# Shipping charges to replace or return equipment



## Lugatha (Mar 13, 2014)

Greetings!

I am currently working on a research paper that compares a few of the major TV providers' services and charges. Unfortunately I'm having a tough time finding info for a particular section of my paper that covers what each provider charges to ship equipment. During my web search I came across this spiffy BBS which appears to be the best one to reach out to for this type of info.

What I'm looking for is how much providers charge to ship hardware for the following scenarios:


New customer self install kits
Replacing bad remote controls
Replacing bad set top boxes and IPTV modems
Returning equipment after having cancelled service
If anybody has any fairly recent dollar figures for the above mentioned questions I would greatly appreciate the help!

:computer:


----------



## harsh (Jun 15, 2003)

Lugatha said:


> New customer self install kits


These haven't been available for many years (prolly 13 years or more).


> Replacing bad remote controls


I don't think they charge shipping but the remotes are usually cheaper on Amazon.


> Replacing bad set top boxes and IPTV modems


STBs ship for around $15. There is no such beastie as an IPTV MODEM. If you meant a whole home client box, I think the price is the same.


> Returning equipment after having cancelled service


DIRECTV doesn't charge and DISH charges $15 each.


----------



## Stewart Vernon (Jan 7, 2005)

I would think you could call each company and find out pretty easily what they charge for shipping.
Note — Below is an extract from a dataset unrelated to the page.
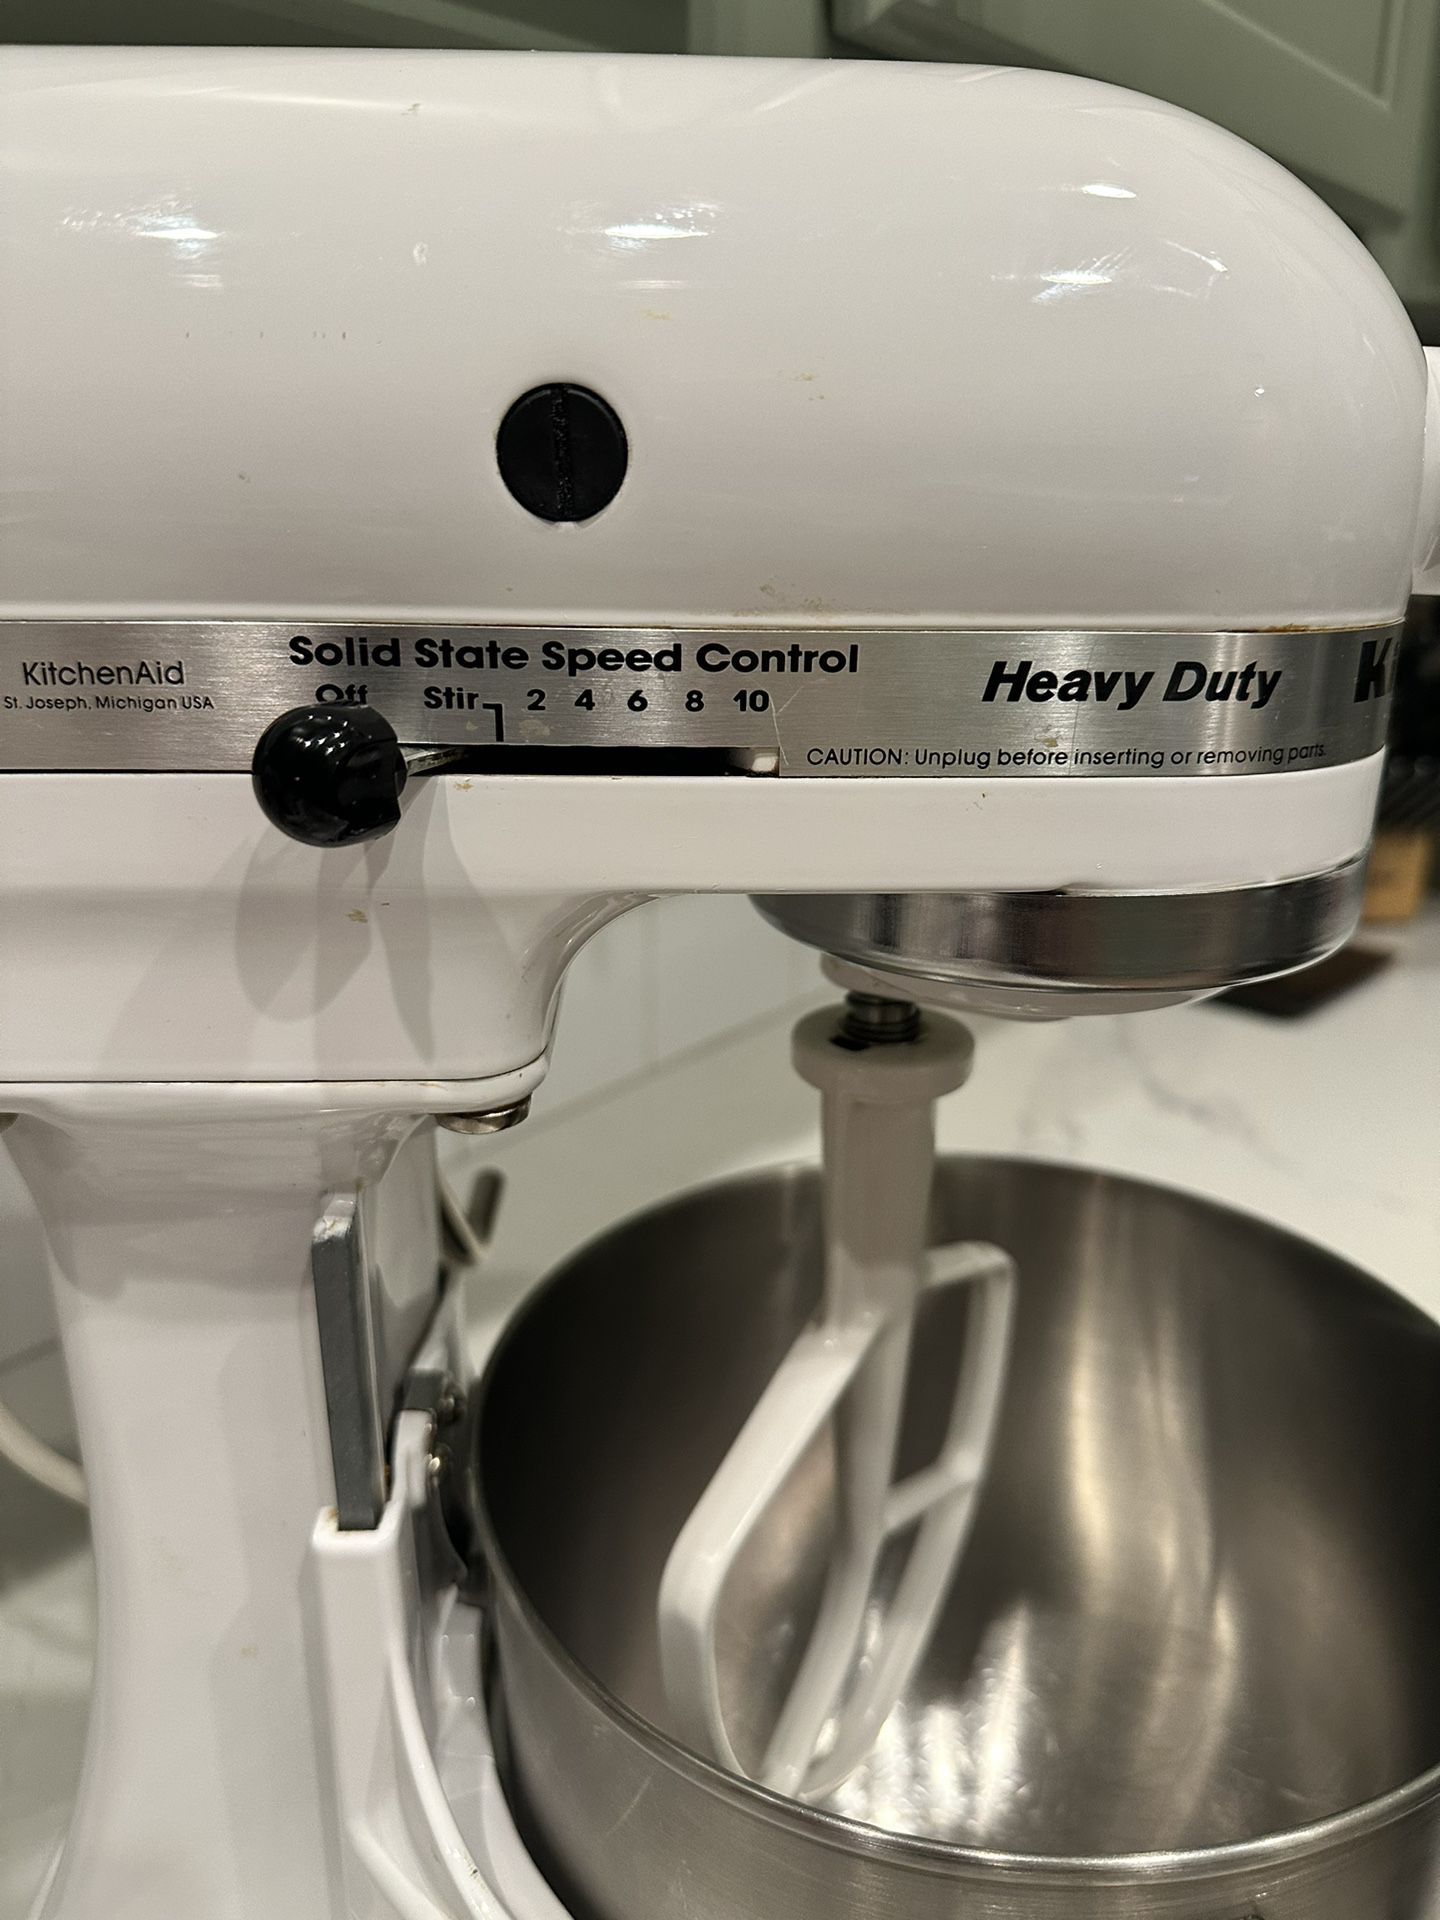 KitchenAid K5SS Heavy Duty Series 5qt Stand Mixer - White for sale online

I don't think any of the info is hidden, though I don't know any of it off the top of my head. Have you tried calling the companies?


----------



## Beerstalker (Feb 9, 2009)

I can only speak for DirecTV costs.

Like Harsh said self install isn't really an option anymore.

For the others if you have the protection plan everything would be free.

If you don't have the protection plan then replacing a defective leased receiver has a shipping cost of $20. Sometimes if you can get them to waive that fee (if you are a good customer who hasn't had many discounts already).

I just logged into my DirecTV account and it looks like replacement remotes cost $15, $25, or $30 depending on which model you need. Shipping on any of them is free. Again, some customers can get them for free if they call.

The AM21 OTA tuner add on is $50 with free shipping.

I'm guessing IPTV modem isn't really applicable here, most likely you are carrying it over from other services you are looking into? The closest thing DirecTV would have to that would be the Wireless Cinema Connect Kit. If you have compatible equipment you can order the WCCK for self install at a cost of $25 and pay $7 shipping on top of that ($32 total). Again, some customers can get them for free if they call.

When you cancel service DirecTV will send you boxes to ship back all of your receivers for free.

Hope this helps.


----------



## Lugatha (Mar 13, 2014)

harsh said:


> These haven't been available for many years (prolly 13 years or more).
> I don't think they charge shipping but the remotes are usually cheaper on Amazon.
> STBs ship for around $15. There is no such beastie as an IPTV MODEM. If you meant a whole home client box, I think the price is the same.
> DIRECTV doesn't charge and DISH charges $15 each.


For self install kits I'm referring to set top boxes that cable companies can send to the customer to connect to an existing coax outlet themselves without the need for a technician visit (e.g. http://www.myaccount.charter.com/customers/printarticle.aspx?SupportArticleID=3266#one )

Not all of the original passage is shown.